Redact before persisting. Sensitive data (passwords, tokens, API keys, JWTs) is automatically stripped from audit metadata before it reaches any sink. The AuditRedactionPolicy catches common patterns, password, token, secret, credential, api_key, jwt, authorization, bearer, private_key, and replaces their values with [REDACTED]. Error messages are similarly sanitized to remove embedded credentials.
Enrich from session context. Audit events are enriched with tenant ID, actor ID, and correlation ID from the current session context. Code that records audit events doesn't need to manually pass this information, the enrichment layer fills it in automatically from the request's session.

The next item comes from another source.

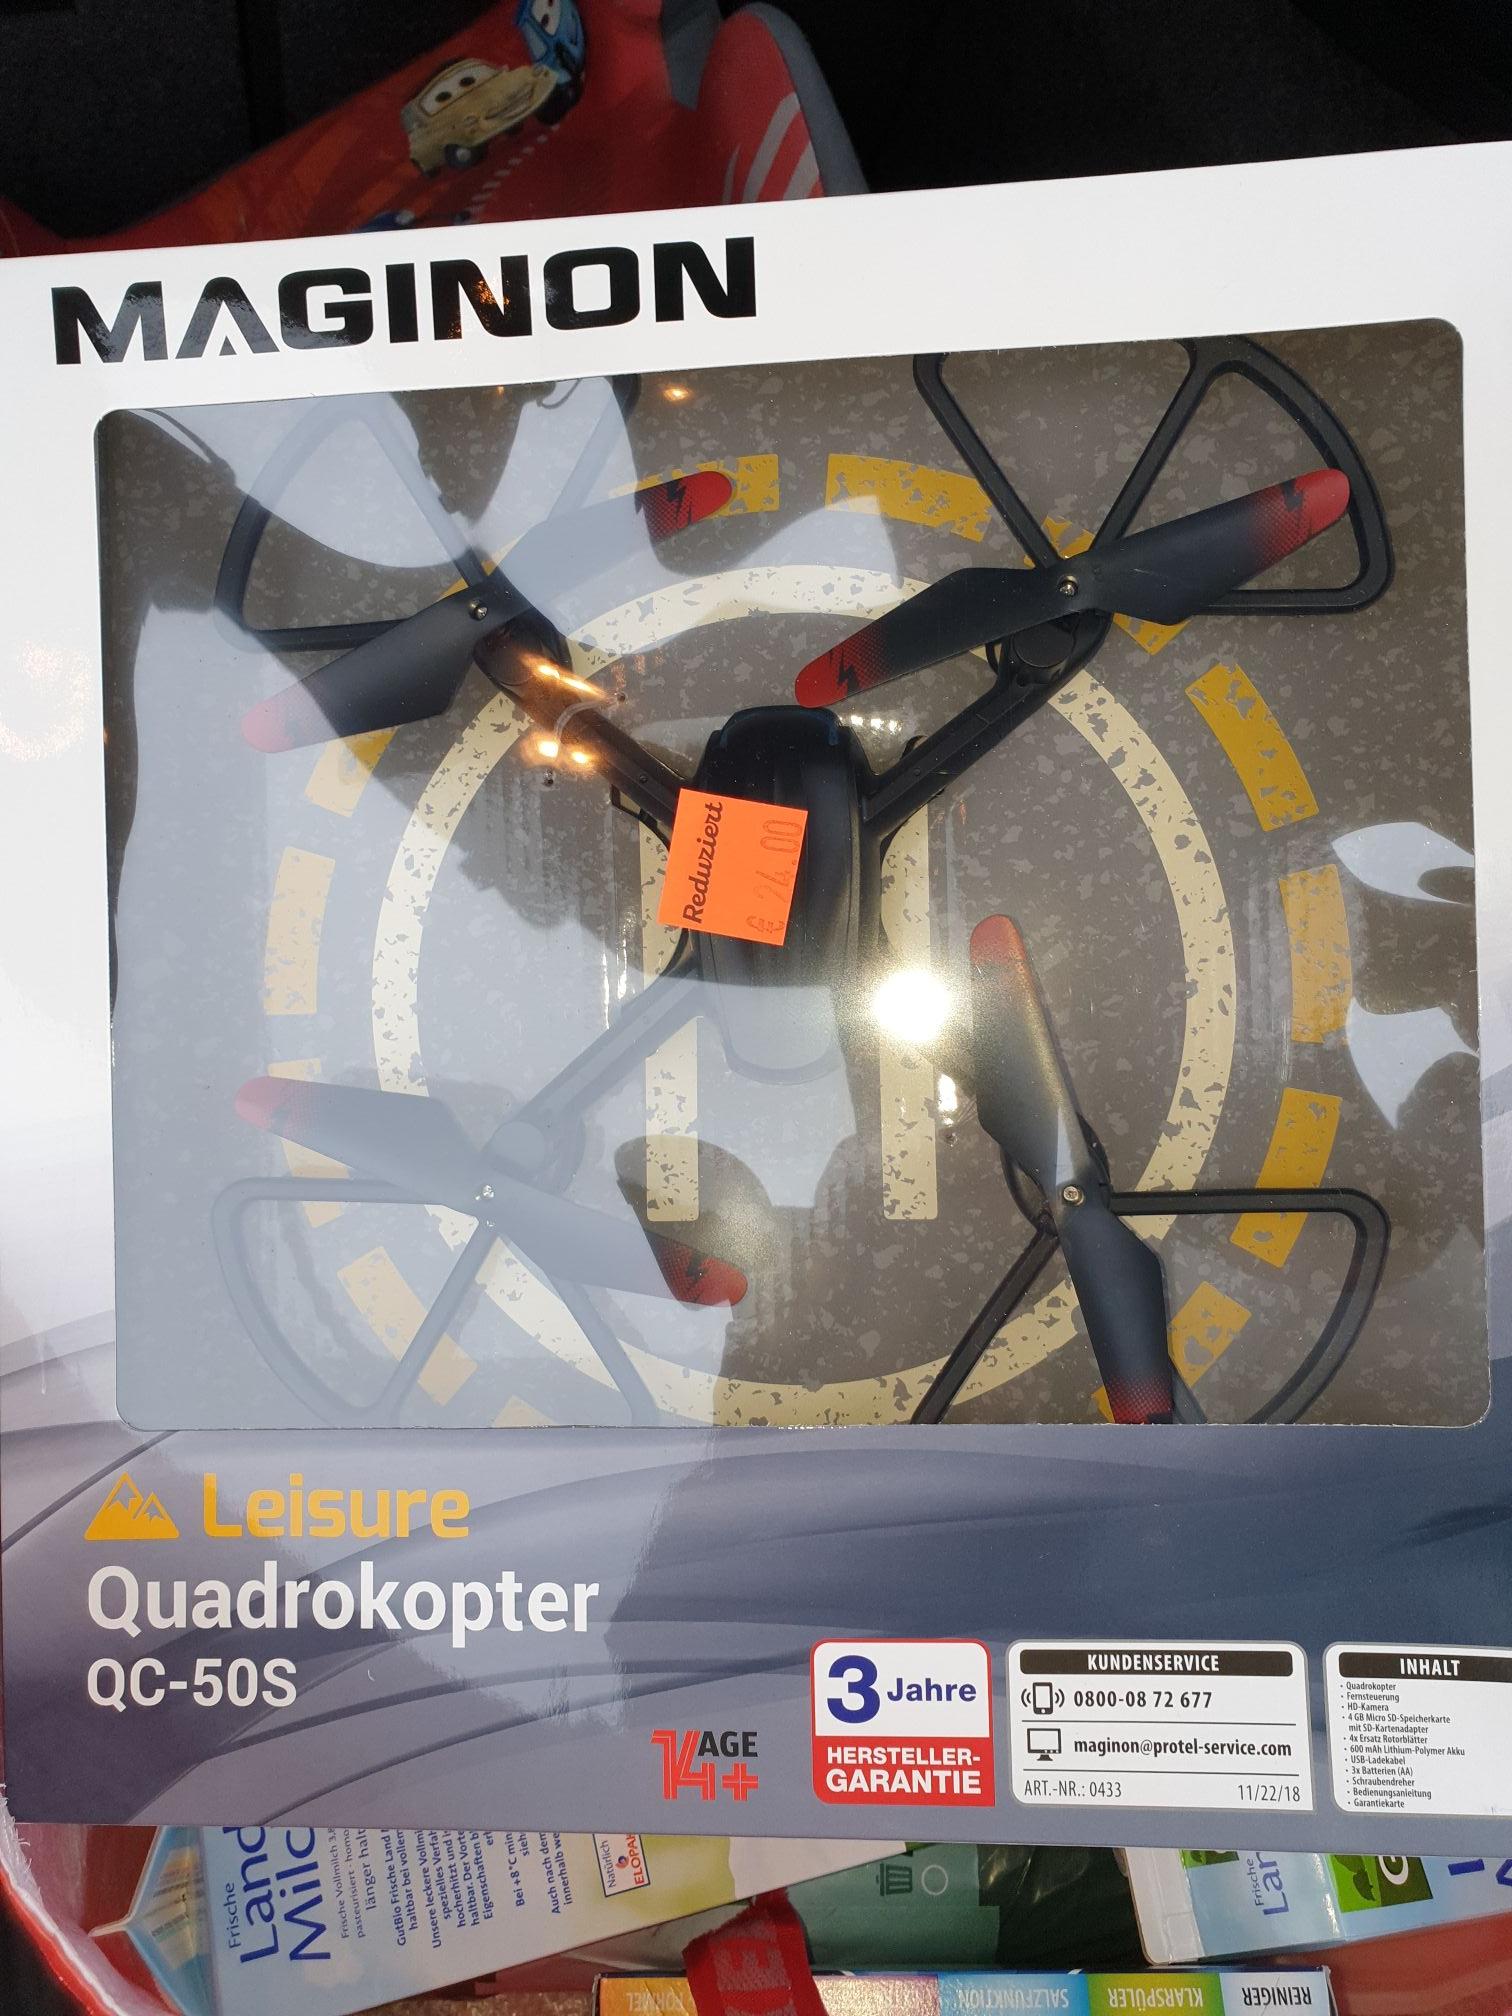 Quadrocopter leisure qs 50 s

Append-only storage. The ImmutableAuditStore interface enforces append-only semantics, events can be written and queried, but never updated or deleted. In the PostgreSQL implementation, database triggers guard against modification, providing an additional layer of protection against tampering.
What Gets Recorded
Every audit event captures:
| Field | Description |
|---|---|
commandId | Which command was executed (e.g., kms.keys.generate, party.manager.create) |
result | Outcome: STARTED, SUCCEEDED, FAILED, POLICY_DENIED, AUTH_FAILURE |
actorId | Who performed the action (enriched from session principal) |
tenantId | Which tenant context (enriched from session) |
resourceId | What was acted on |
durationMs | How long the command took |
correlationId | Links related audit events across a request lifecycle |
traceId / spanId | W3C Trace Context for distributed tracing correlation |
metadata | Additional key-value pairs (redacted before persistence) |
errorCode / errorMessage | Failure details (sanitized to remove credentials) |
transportType / transportScope | Whether the command was local, HTTP, or gRPC |
The result field distinguishes between different failure modes: FAILED means the command threw an error, POLICY_DENIED means the authorization layer blocked it, and AUTH_FAILURE means the caller couldn't be authenticated. This distinction matters for security analysis, a spike in POLICY_DENIED events is a different signal than a spike in FAILED events.
Output Formats
Audit events can be formatted in three standards, depending on what your SIEM or log aggregation system expects:
JSON: structured JSON objects. The default format, suitable for Elasticsearch, Splunk, Datadog, and most modern log platforms. Every field is a named key, metadata is a nested object.
CEF (ArcSight Common Event Format), the standard format for ArcSight, QRadar, and legacy SIEM systems. Events are formatted as pipe-delimited strings with severity mapping: STARTED=1, SUCCEEDED=3, FAILED=7, POLICY_DENIED=8, AUTH_FAILURE=9. Custom field labels carry tenant, trace, and correlation IDs.
OCSF (Open Cybersecurity Schema Framework), the emerging standard for security telemetry. Events are mapped to the API Activity class (class_uid=6003) with proper OCSF severity levels and status codes. Includes full product/vendor metadata for automated classification.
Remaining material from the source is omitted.